# [EXTRACTED MATERIAL]

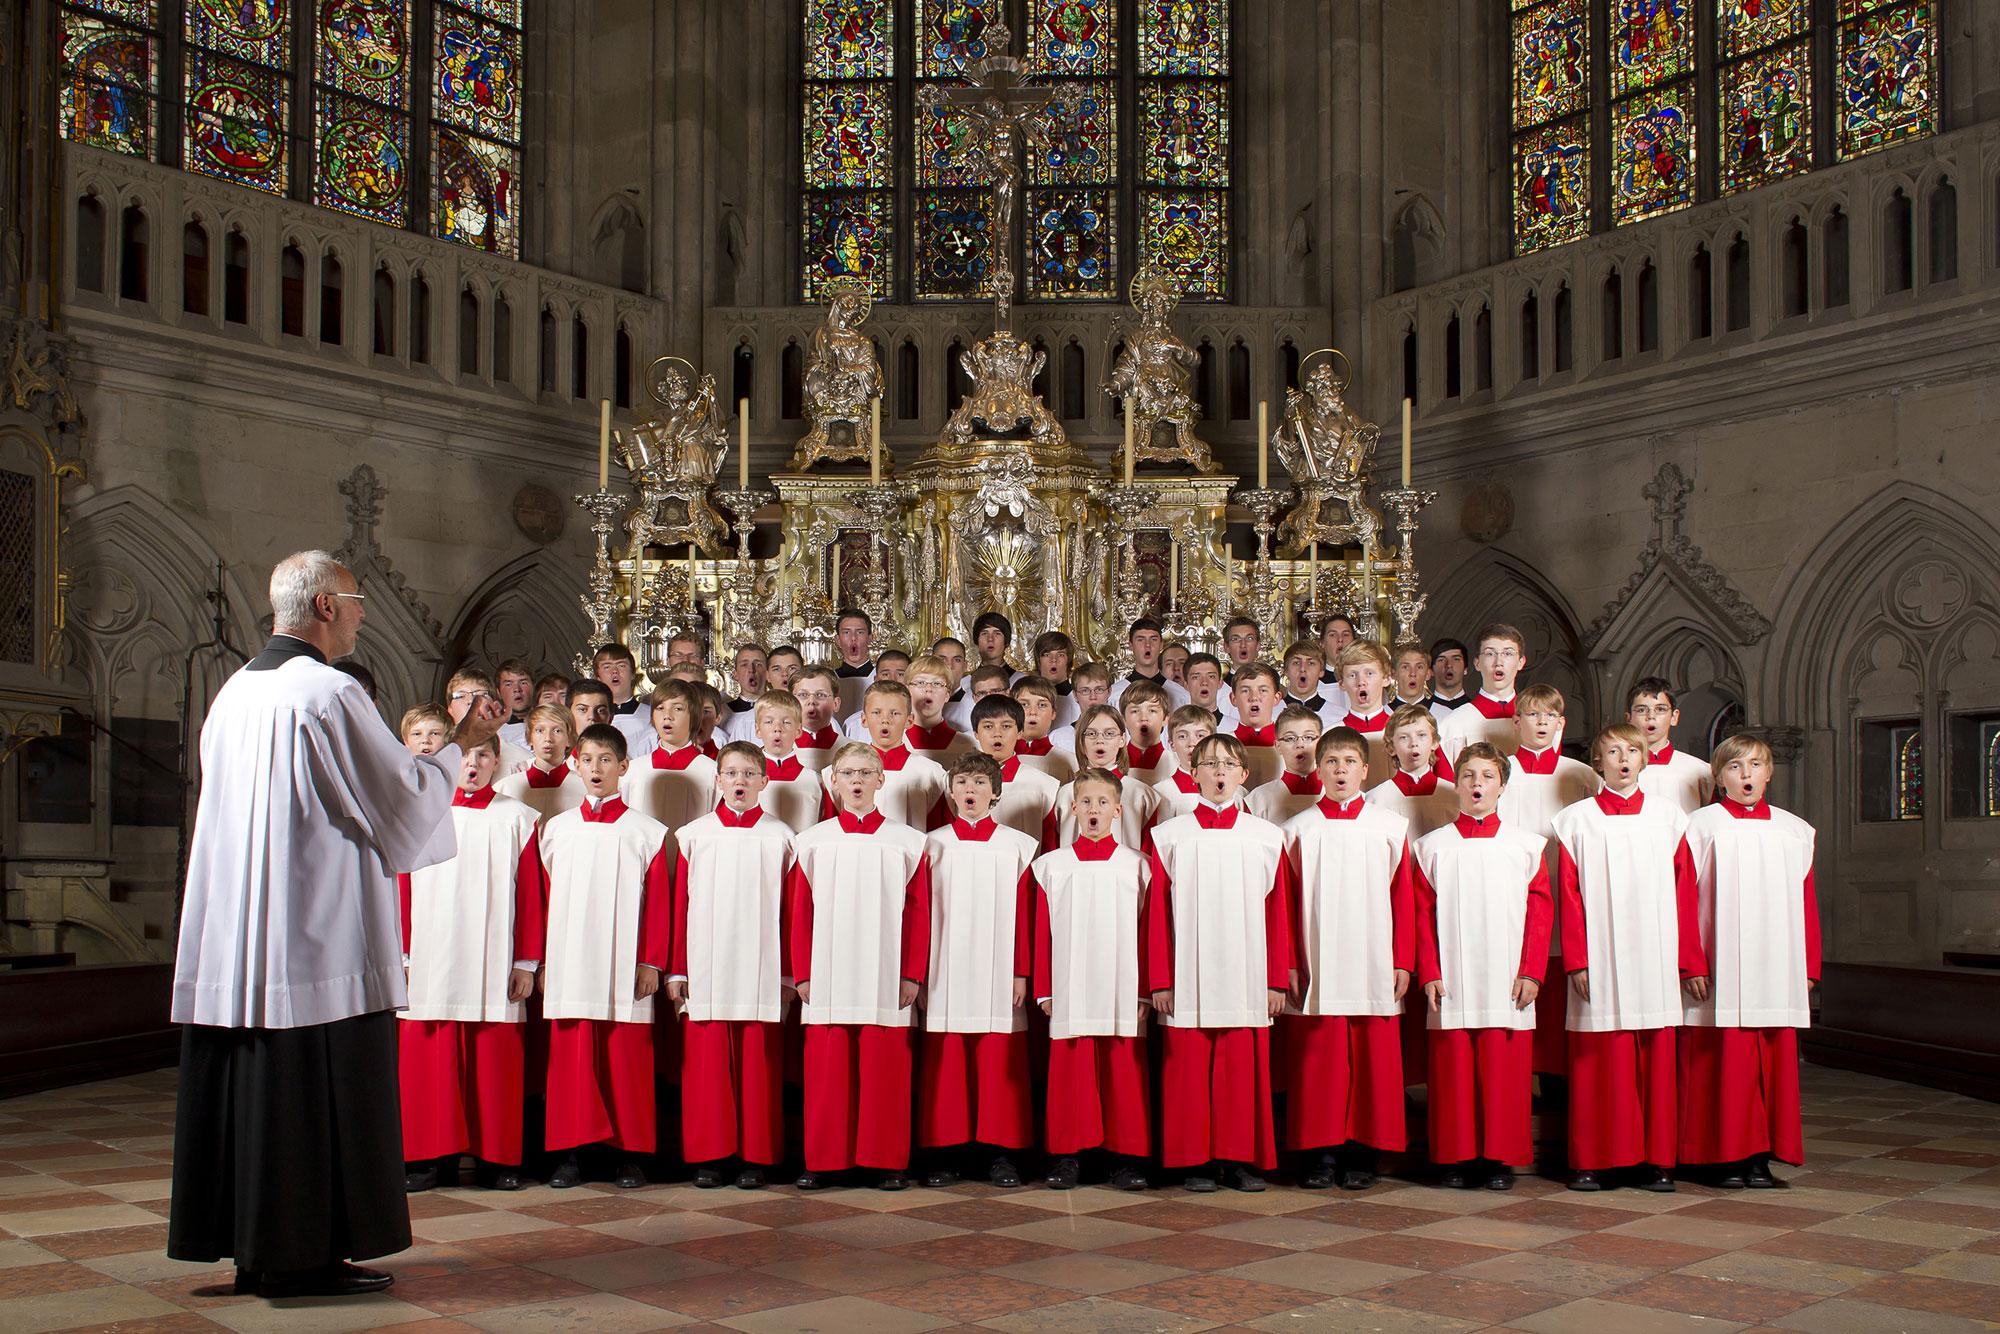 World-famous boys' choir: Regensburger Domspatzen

...

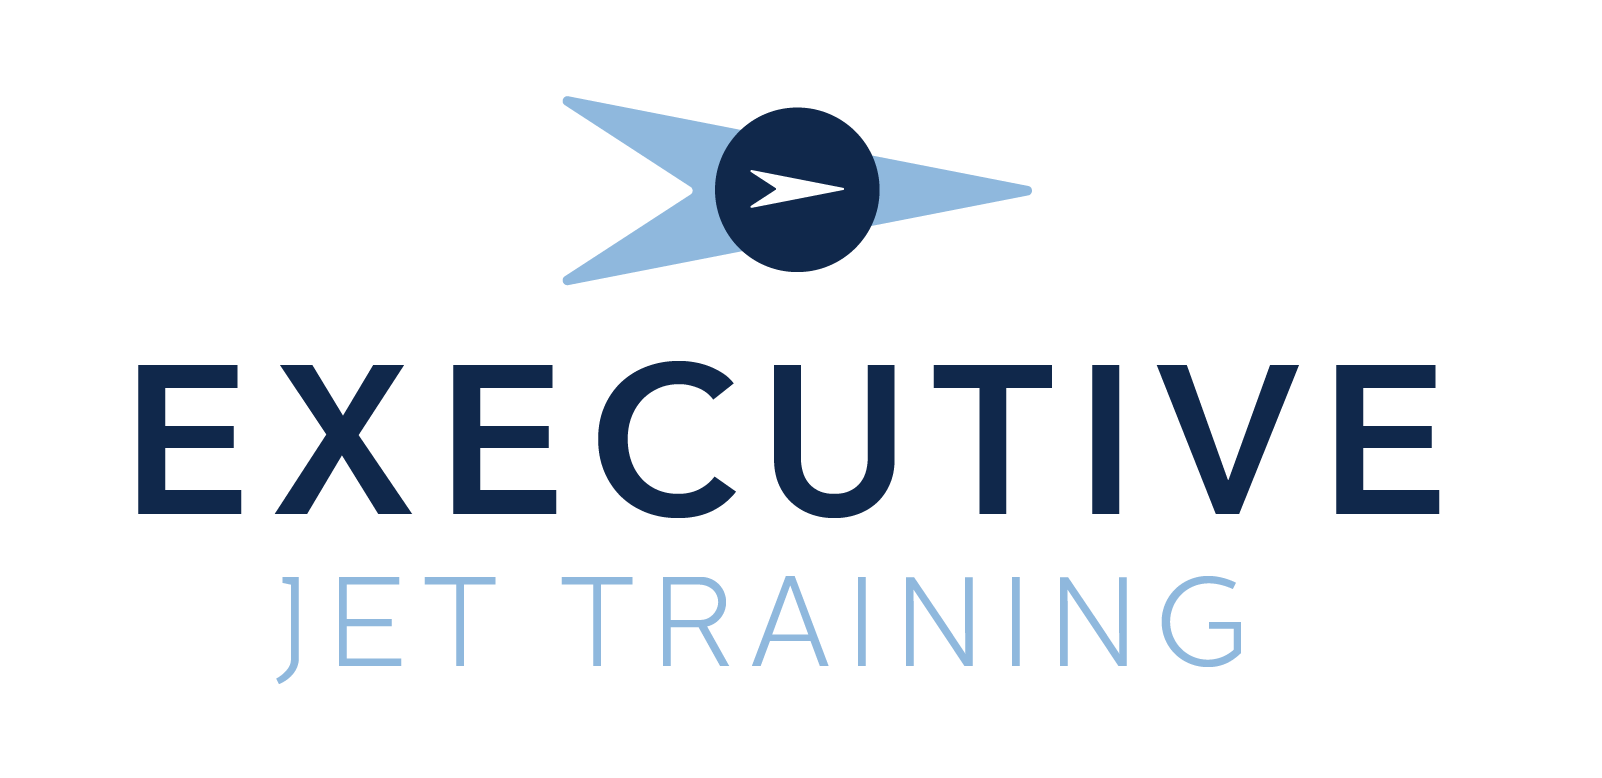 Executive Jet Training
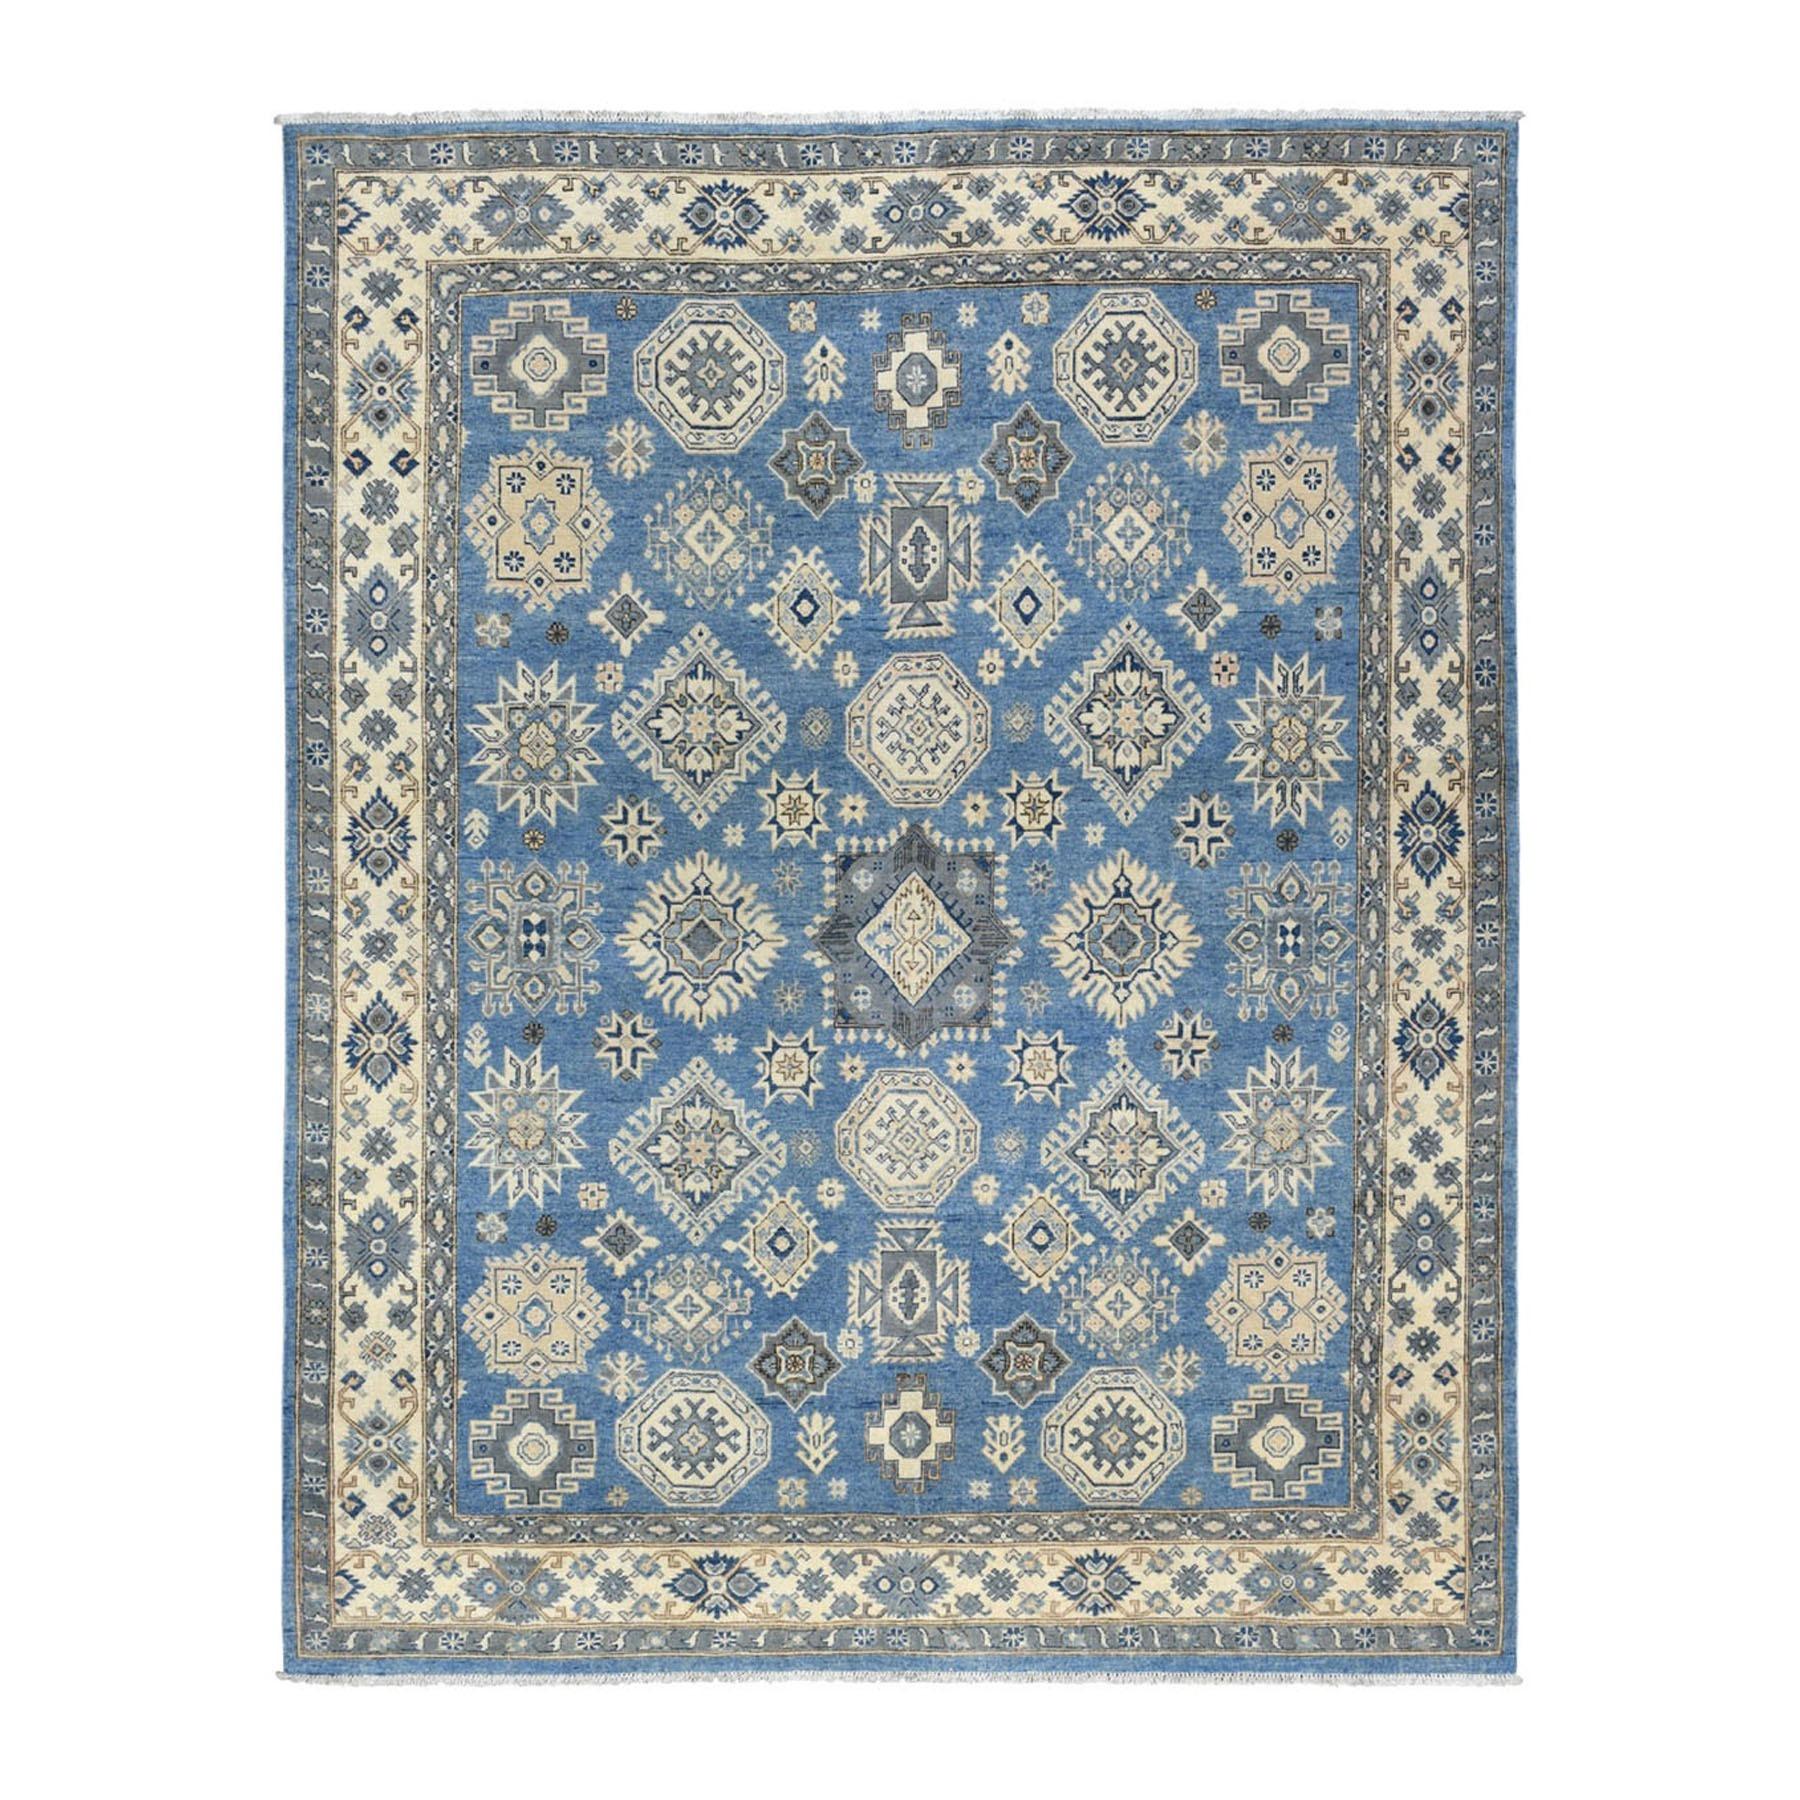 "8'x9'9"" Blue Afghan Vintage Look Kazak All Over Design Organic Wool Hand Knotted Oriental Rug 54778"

# [WHAT YOU ARE ASKED TO DO]
Please return the data above exactly as it stands from the line with "Executive Jet Training" to the line with "Blue Afghan Vintage", keeping both of those lines but none of the pictures.

# [REPLY]
 Executive Jet Training
 "8'x9'9"" Blue Afghan Vintage Look Kazak All Over Design Organic Wool Hand Knotted Oriental Rug 54778"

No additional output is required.